FIGURE 1.

SMC proteins bind directly to microtubules in vitro. A and B, microtubule co-sedimentation assay with condensin complex (A) and monomeric Smc5 (B). Coomassie Blue-stained gels of supernatant (S) and pellet (P) fractions are shown. Microtubules were used at 0.5 μm (calculated for tubulin dimer concentration). Note that due to the large differences in the molecular mass of tubulin and condensin subunits, it is difficult to resolve all individual components of this complex in a single gel while simultaneously visualizing tubulin subunits (hence the appearance of only three major bands at the position of the condensin complex in the gel (18)). The weak band above the major Ycg1-Smc2 band corresponds to phosphorylated Ycg1, as reported previously (18). C, microtubule co-sedimentation assay with condensin complex (top) and Smc5 (bottom) in the presence of buffer alone (−), ATP, ADP, and a non-hydrolyzable analog, AMP-PNP. Microtubules were used at 0.25 and 0.5 μm for condensin complex and Smc5, respectively.

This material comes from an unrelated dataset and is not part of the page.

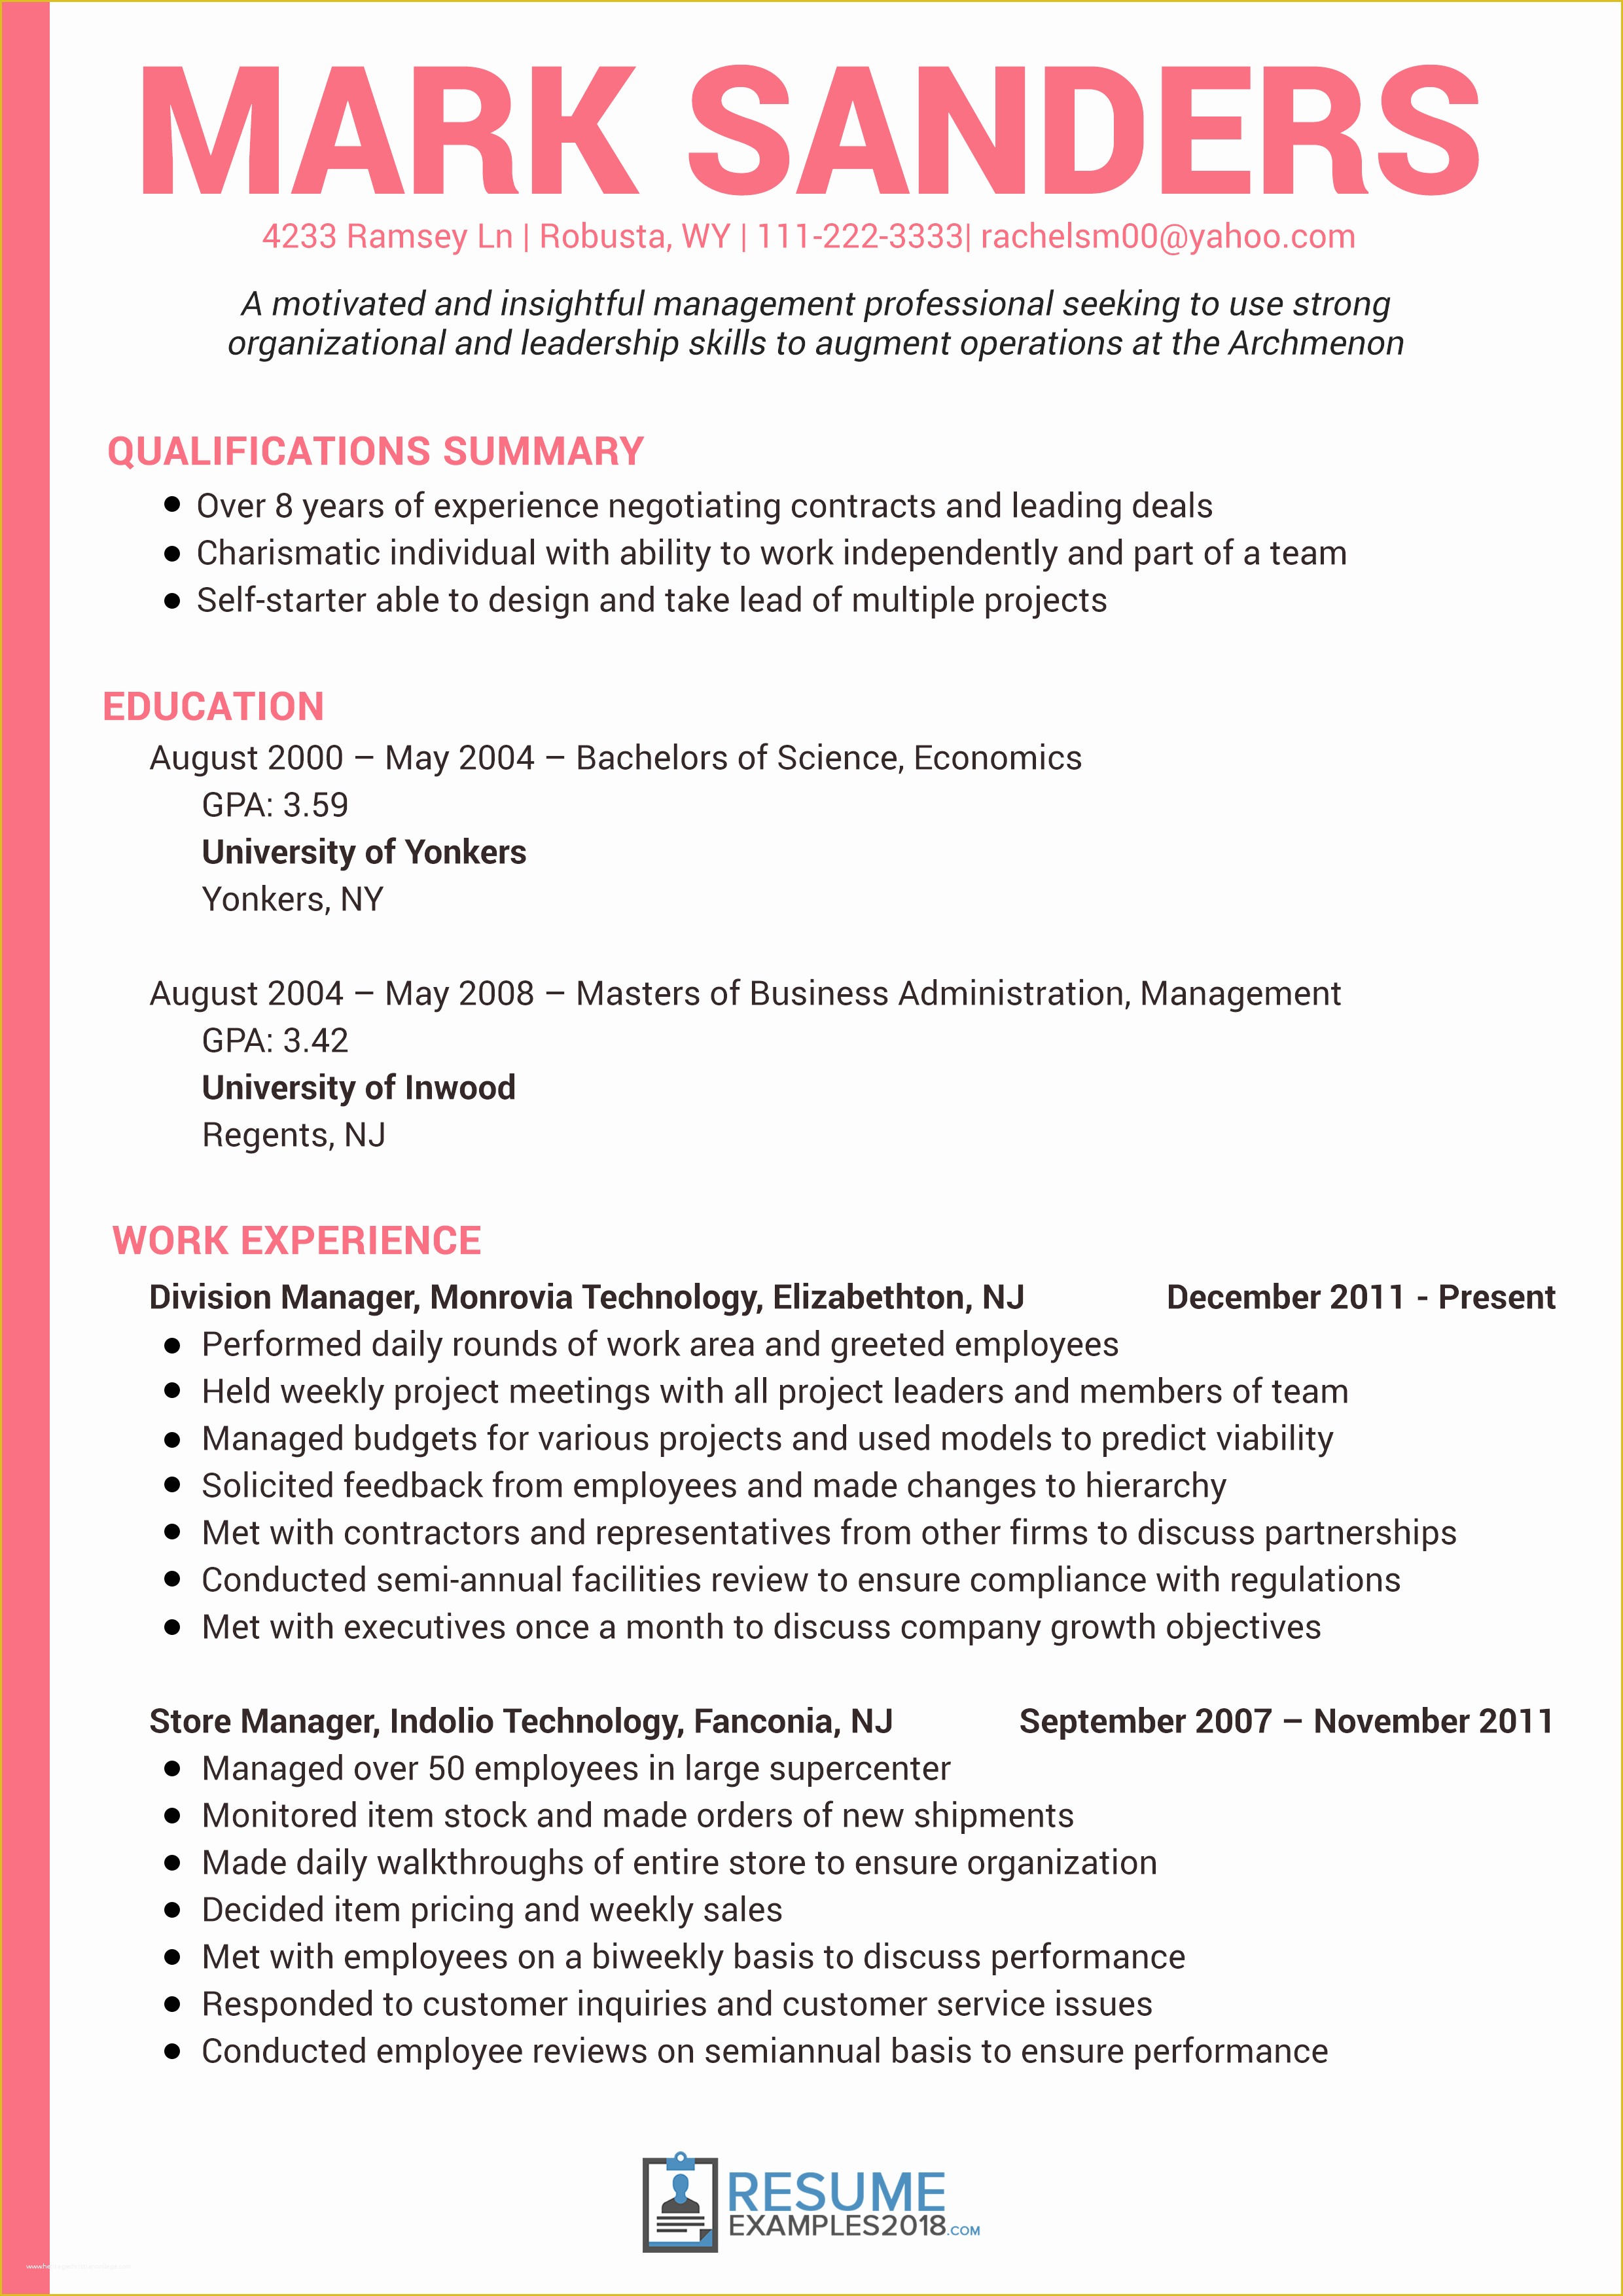 Free Business Resume Template 2018 Of Get Better Results with Management Resume Examples 2019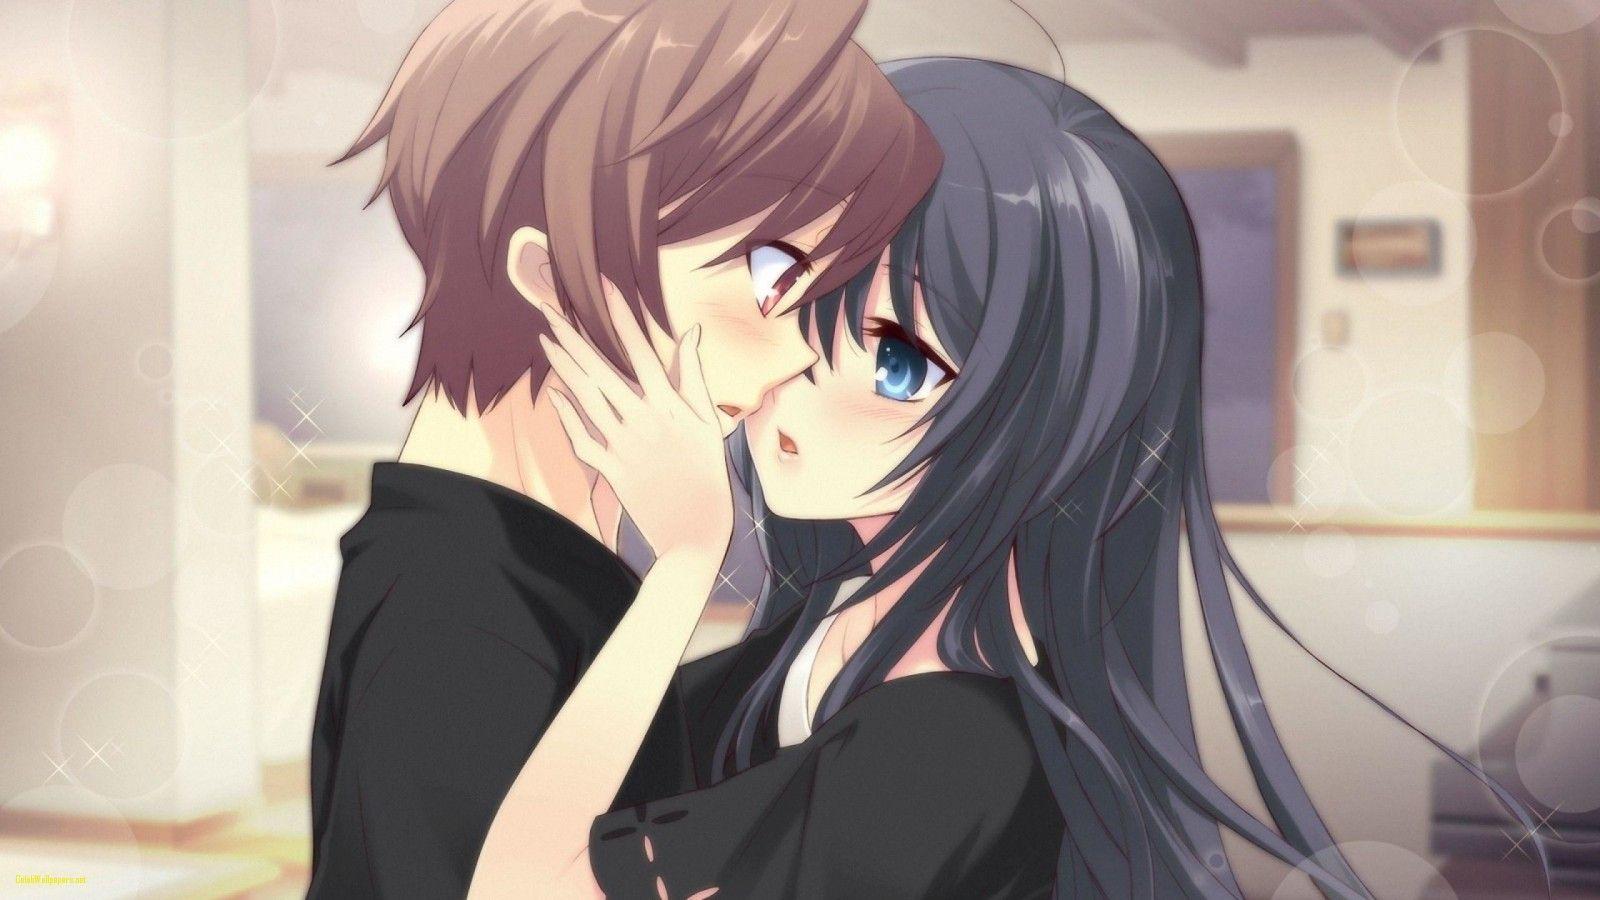 Cute Anime Picture Best Of Cute Anime Couple Wallpaper

The percentage of SMC proteins in the pellet under each condition is shown below the corresponding lane below the Coomassie Blue-stained gel. Averages of four independent experiments are shown, with S.D. D, an illustration depicting the microscopy-based microtubule binding assay. E, representative images of X-Rhodamine-labeled microtubules captured in control (uncoated) or Smc5-coated coverslip. Scale bars, 10 μm.